March 31, 2020
Written by: Nitsan Goldstein
Have you ever opened up a Diet Coke only to have someone ask you “Don’t you know those diet drinks cause cancer?” or “Those make you gain more weight than regular soda?” Everyone knows that consuming high amounts of sugar is unhealthy and can cause weight gain. A significant amount of the sugar we consume comes from beverages like soda, juice, and sweetened coffee. To reduce calorie intake, many people instead consume artificially sweetened beverages. However, the health benefits of switching to artificial sweeteners are controversial. Here, we’ll break down some leading theories regarding how artificial sweeteners influence metabolism and the brain. As you’ll see, while significant progress has been made, a clear conclusion regarding the health benefits of artificial sweeteners has yet to be reached.
What are artificial sweeteners?
You may know their names (aspartame, sucralose, and saccharin are a few commonly used sweeteners), but what exactly are artificial sweeteners, and how are they different from caloric sweeteners? Both caloric and non-caloric sweeteners bind to the same types of receptors in the mouth. The brain interprets the binding of these receptors as the pleasant taste we know as sweet. However, unlike artificial sweeteners, caloric sweeteners (sugars such as glucose and sucrose) are metabolized and used as energy by cells in the body.
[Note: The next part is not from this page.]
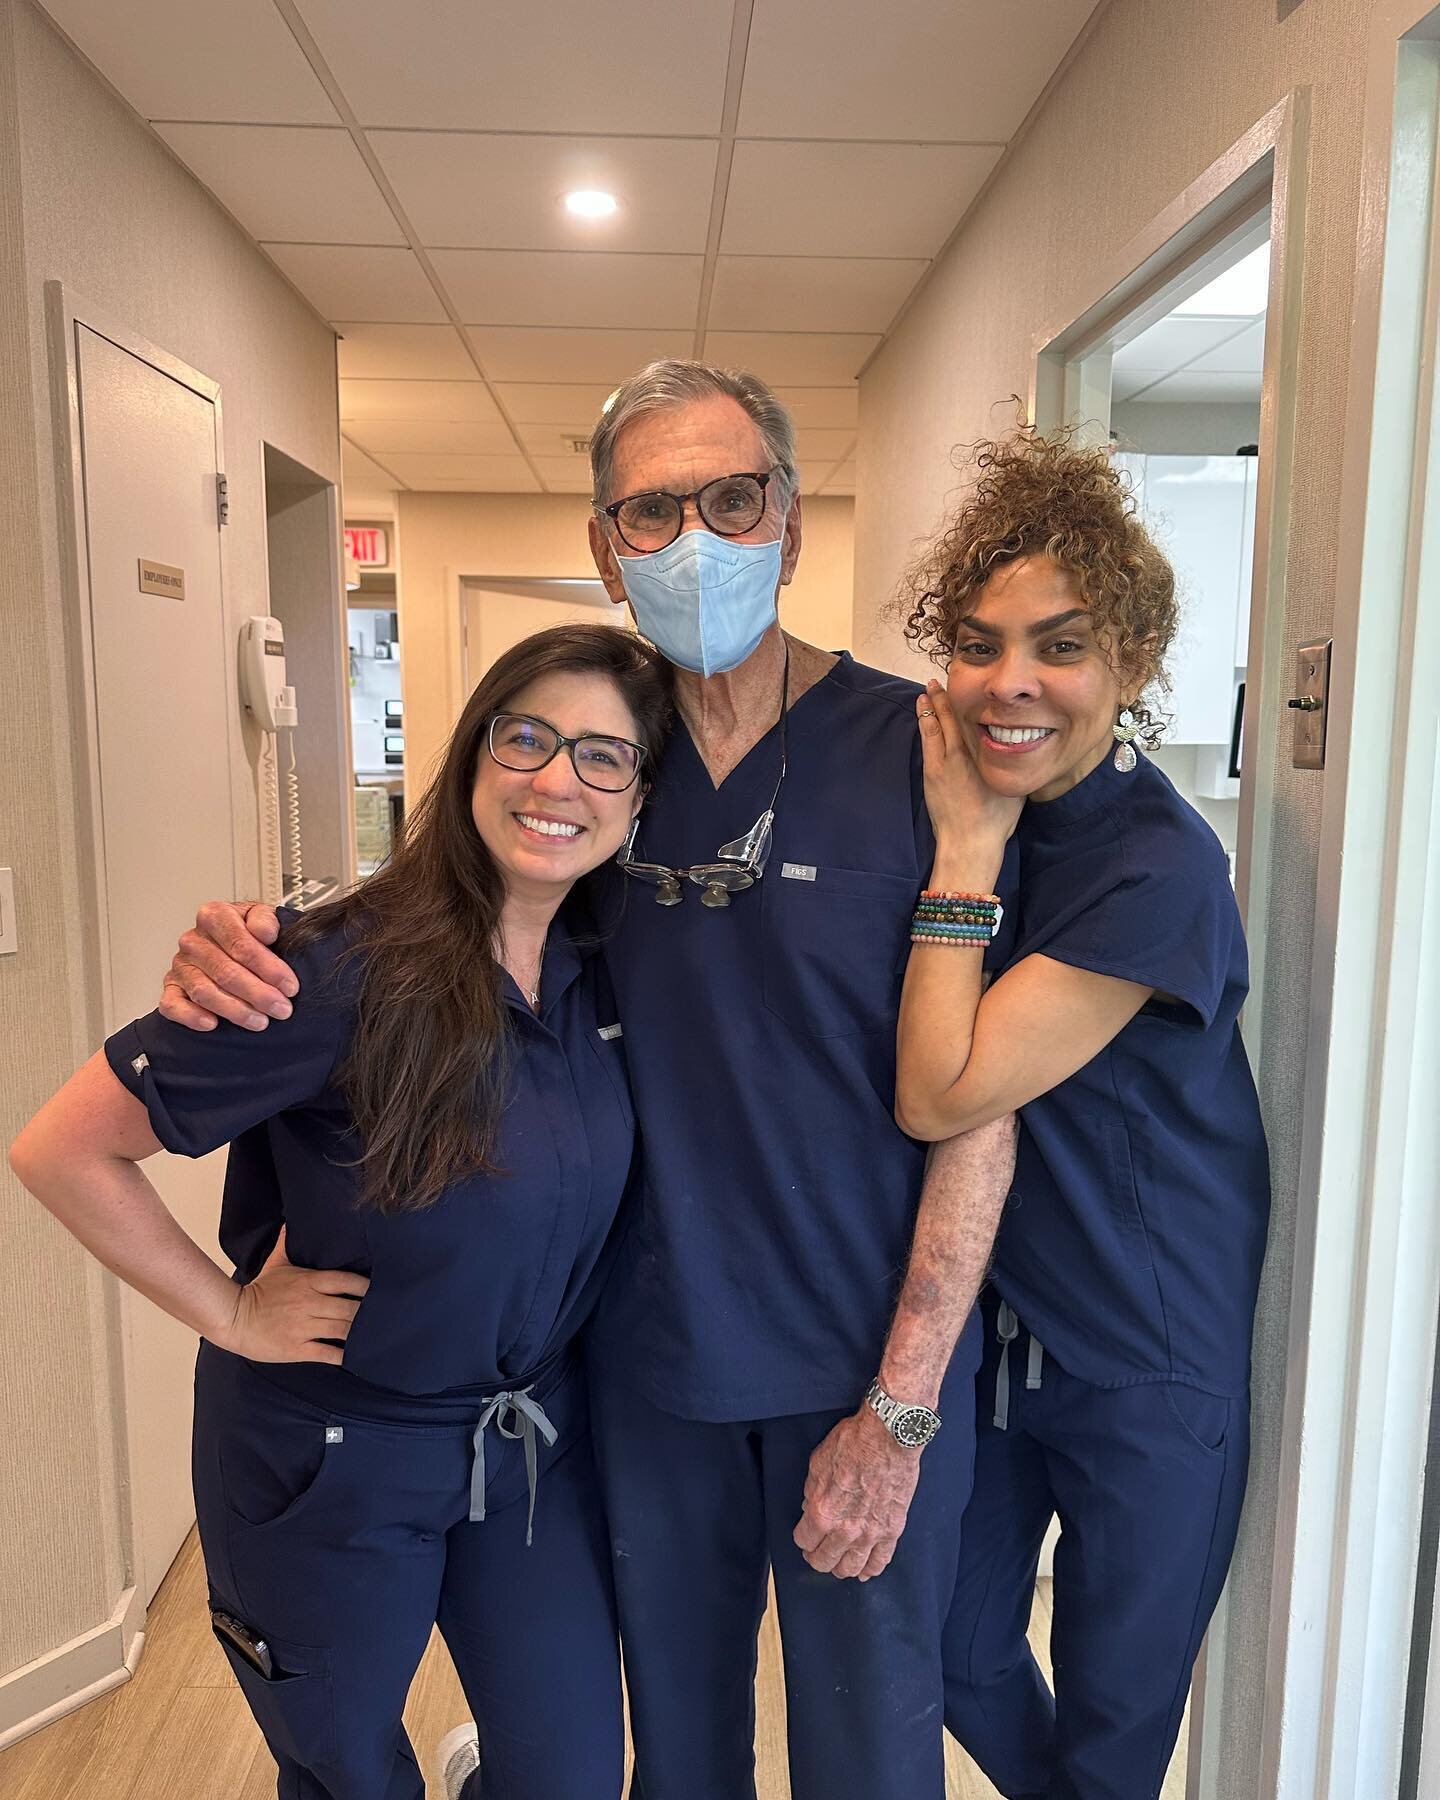 At One Manhattan Dental, we know that teamwork makes the dream work! Our amazing team works together seamlessly to provide you with the best dental care possible. From routine cleanings to complex procedures, we're here to keep your smile healthy and
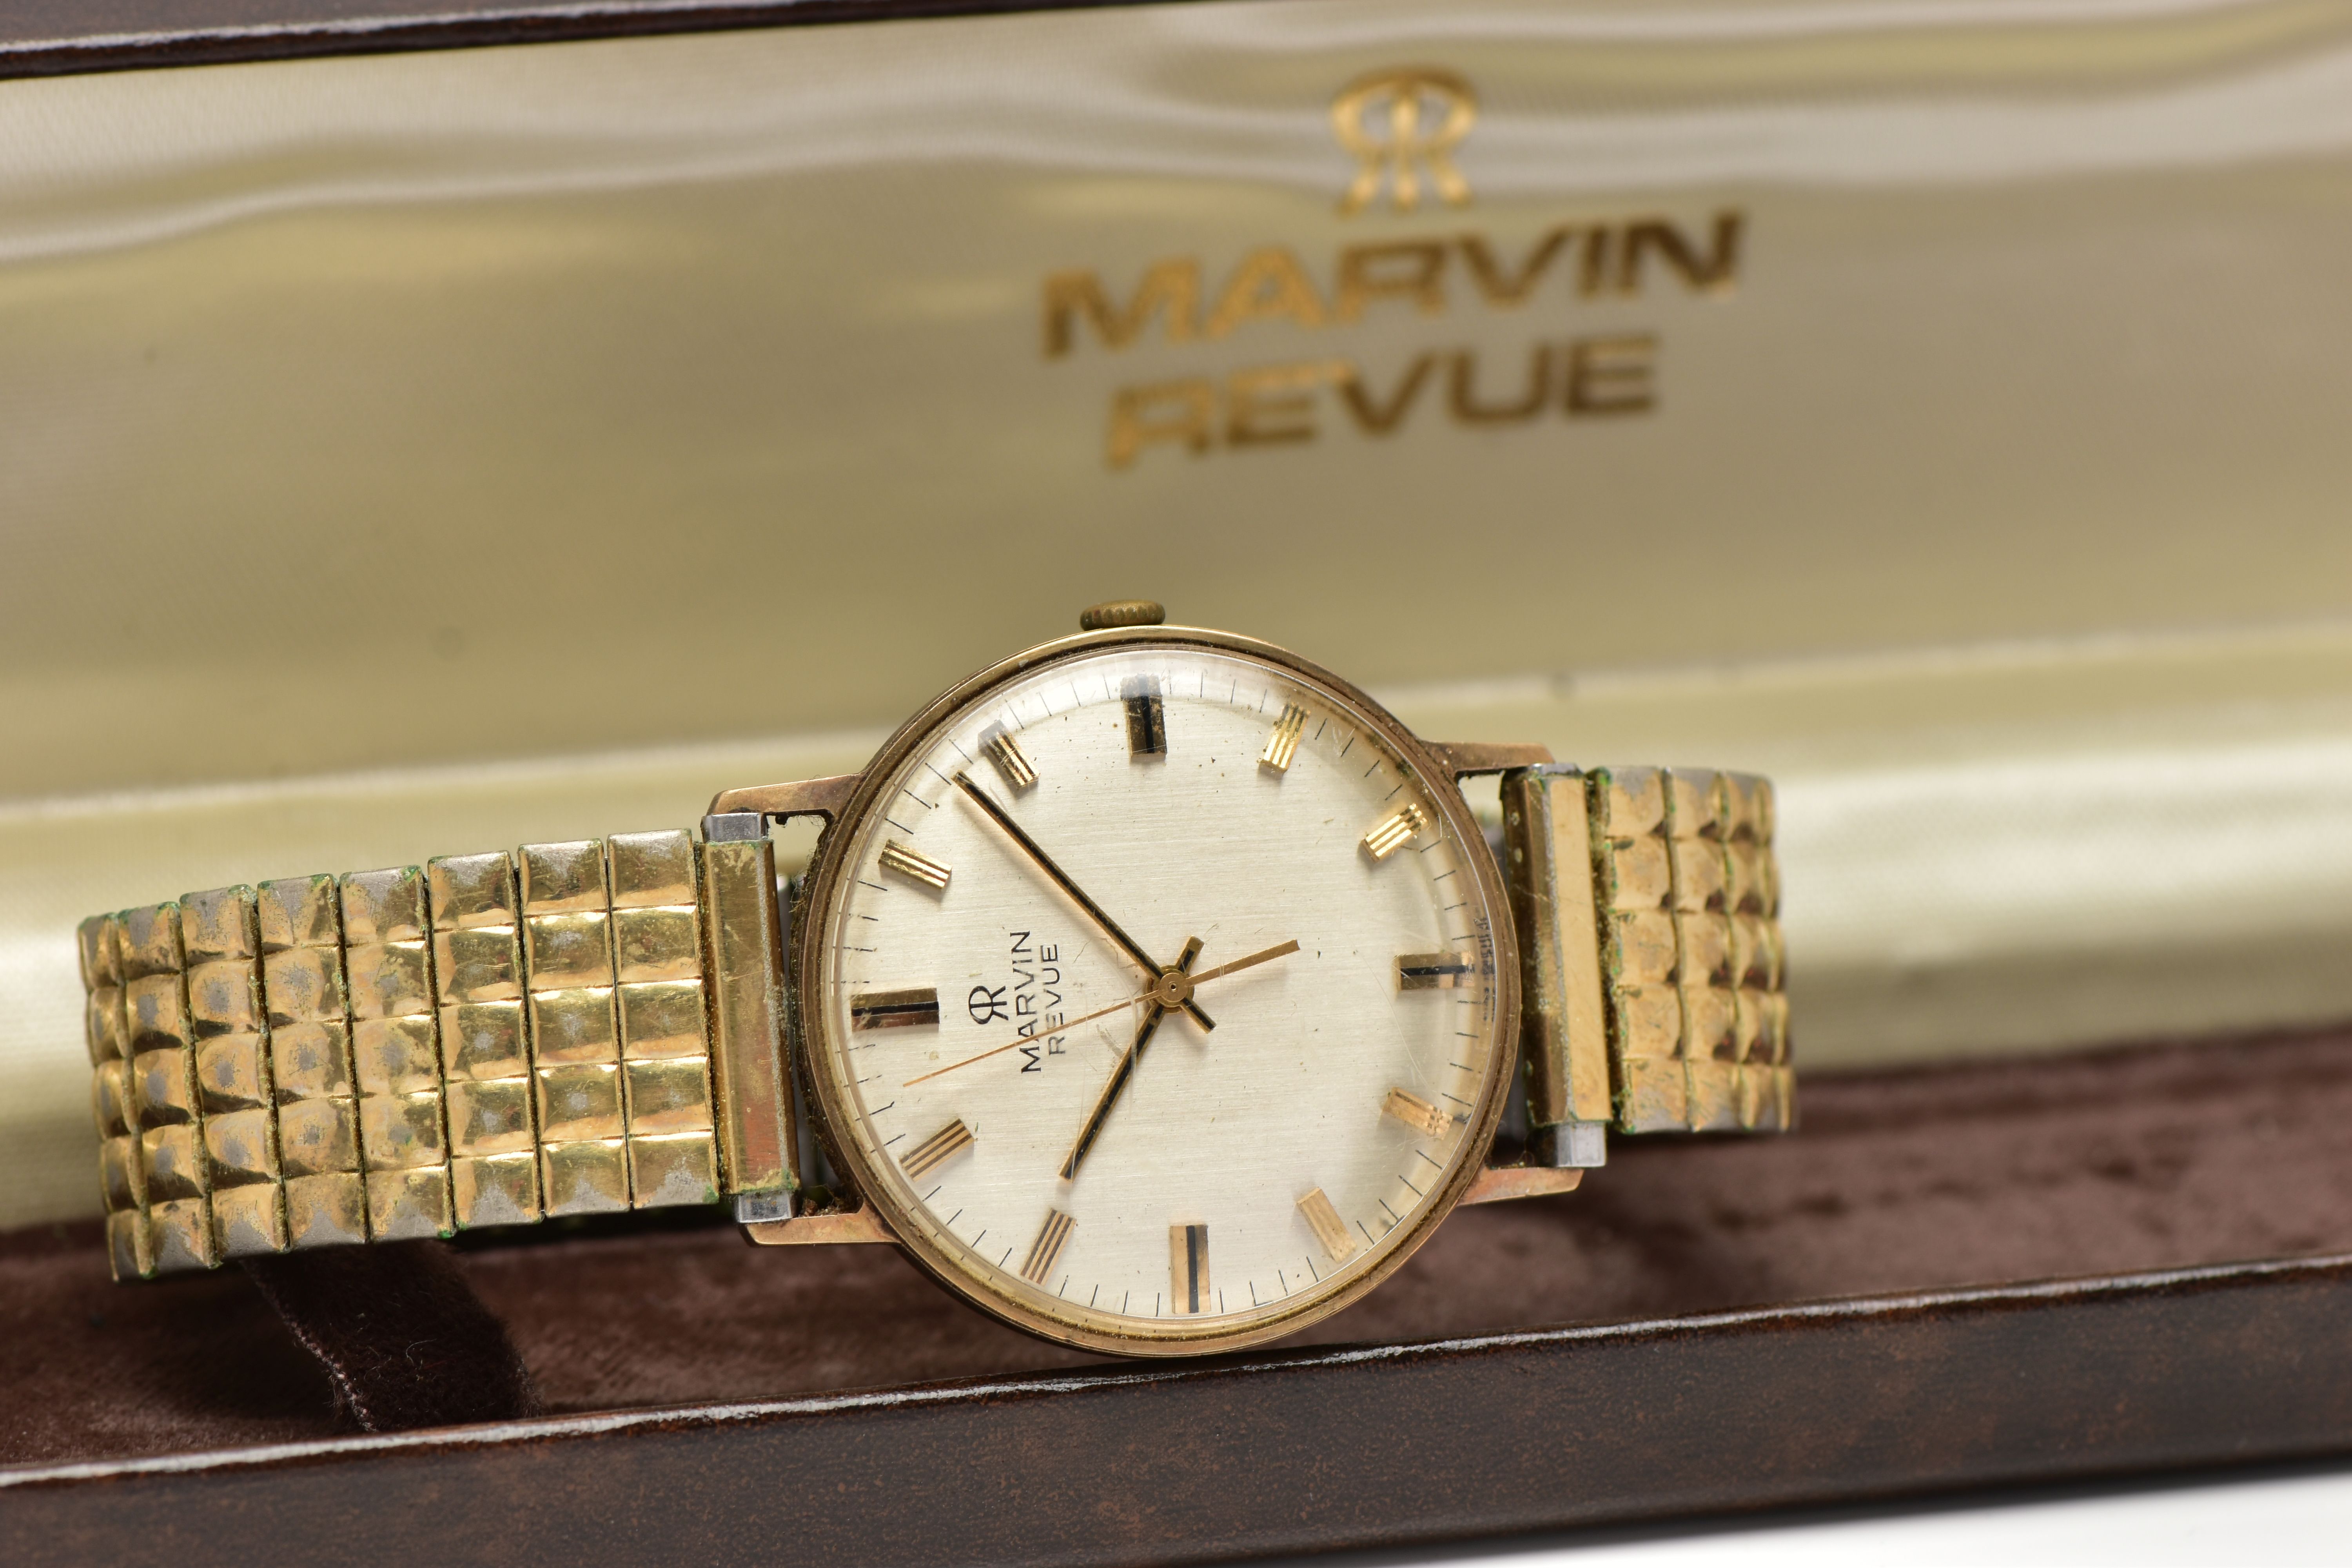 A 9CT GOLD 'MARVIN' WRISTWATCH, manual wind, round dial, signed 'Marvin Revue', baton markers, - Image 4 of 6

Sugars are broken down in the intestine, absorbed by the lining of the intestine, and transported to the blood (see Figure 1). Heightened blood glucose levels signal the pancreas to release insulin, which allows glucose to enter the cells. Insulin, along with other hormones, acts in the brain to reduce hunger and make you feel full. These actions combine to decrease food intake, blood glucose, and insulin release until the next meal. This tightly regulated cycle ensures that blood glucose levels remain within normal ranges. When the balance of blood glucose levels, insulin release, and cellular uptake of glucose is impaired, metabolic diseases such as obesity and diabetes may occur. For example, most of us consume far more sugar that our cells need to properly function. This necessitates storing of glucose as glycogen in muscles or lipids in fat tissue, which causes weight gain. Artificial sweeteners, on the other hand, are not sugars and therefore do not contain calories and can’t be used by the body as energy. So how could they possibly lead to weight gain?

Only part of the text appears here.